Matthew 12 is about widening rift between Jesus and the Jewish religious leadership.

Incidentally both Matthew and Luke use the religious and political leadership of Israel as being representative of where the whole nation stands on Jesus (Lk 13 31-35 19:41-44).

Why is this “Vintage Jesus”. The miracle, told in a single verse, reflects one of the most significant kinds of activity in Jesus’ ministry. Most miracles are told with vivid detail, while reactions to them are only briefly summarised. Here the situation is the opposite, in that the reaction dominates the account.

This incident summarises the public debate over Jesus’ miraculous work and carries an explanatory significance for all his miracles.

1. The issue here is Jesus’ authority.

When he exorcises a demon that is the source of a man’s being mute, the discussion begins about the unusual character of Jesus’ ministry. Two approaches emerge.

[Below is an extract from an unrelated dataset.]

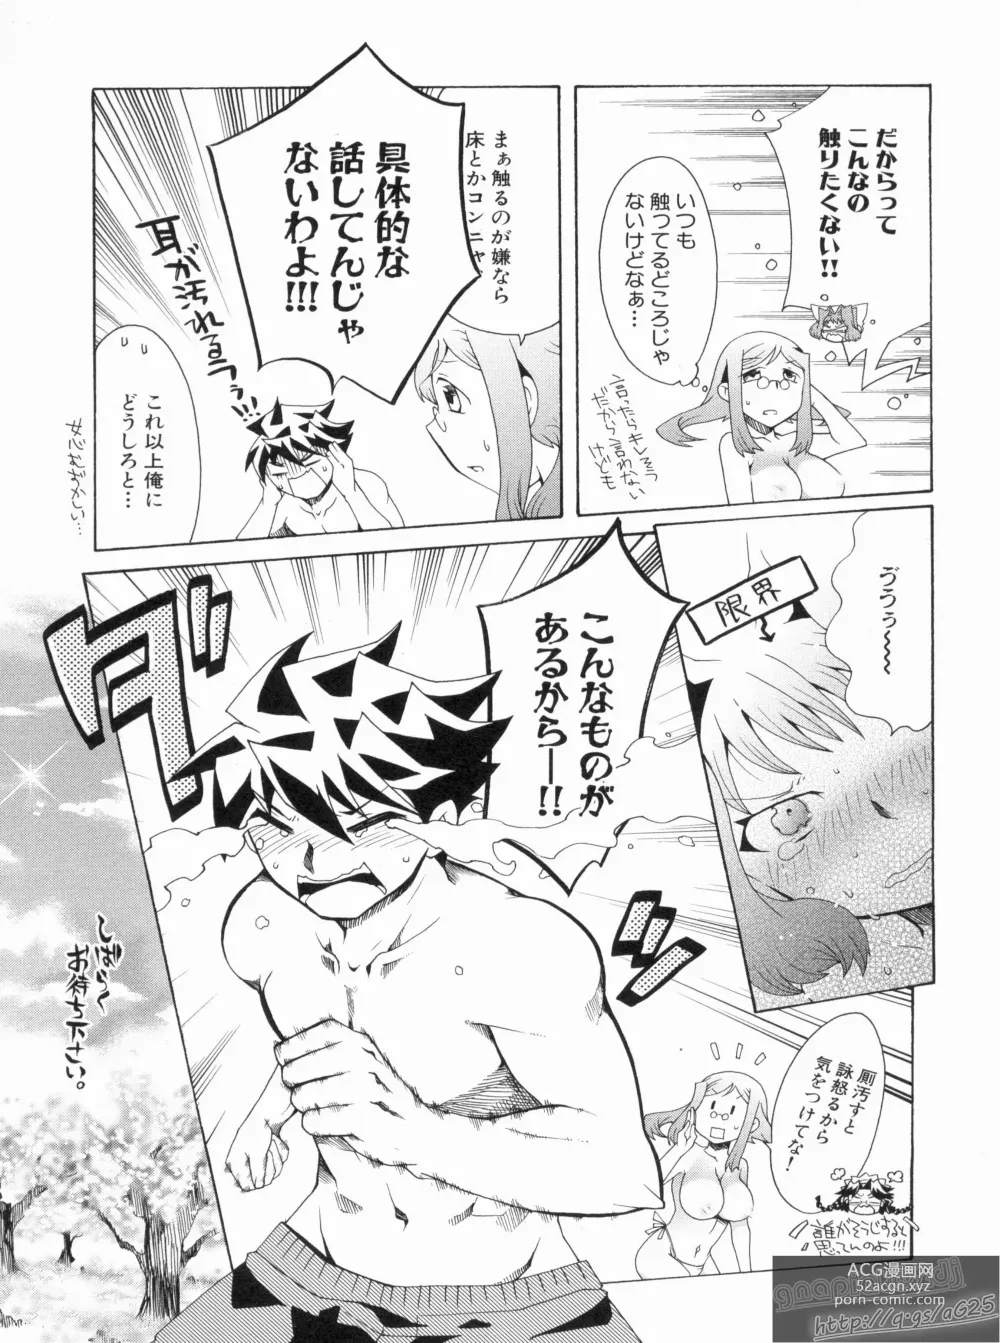 Page 13 of manga Shin Koihime Musou Gaishi Saiten VOL.2

a) Some say his work to Beelzebub.
This name, probably originally referring to a pagan god, was applied to Satan, designating him as "Lord of the Flies." This derisive name indicated a lack of respect for this powerful figure. To some, therefore, Jesus’ power is demonic.

This is a serious claim. The Greek means “vilification (especially against God), blasphemy, evil speaking, railing”, an active and on-going opposition. It is to witness God’s goodness and call it (and continue to call it) evil.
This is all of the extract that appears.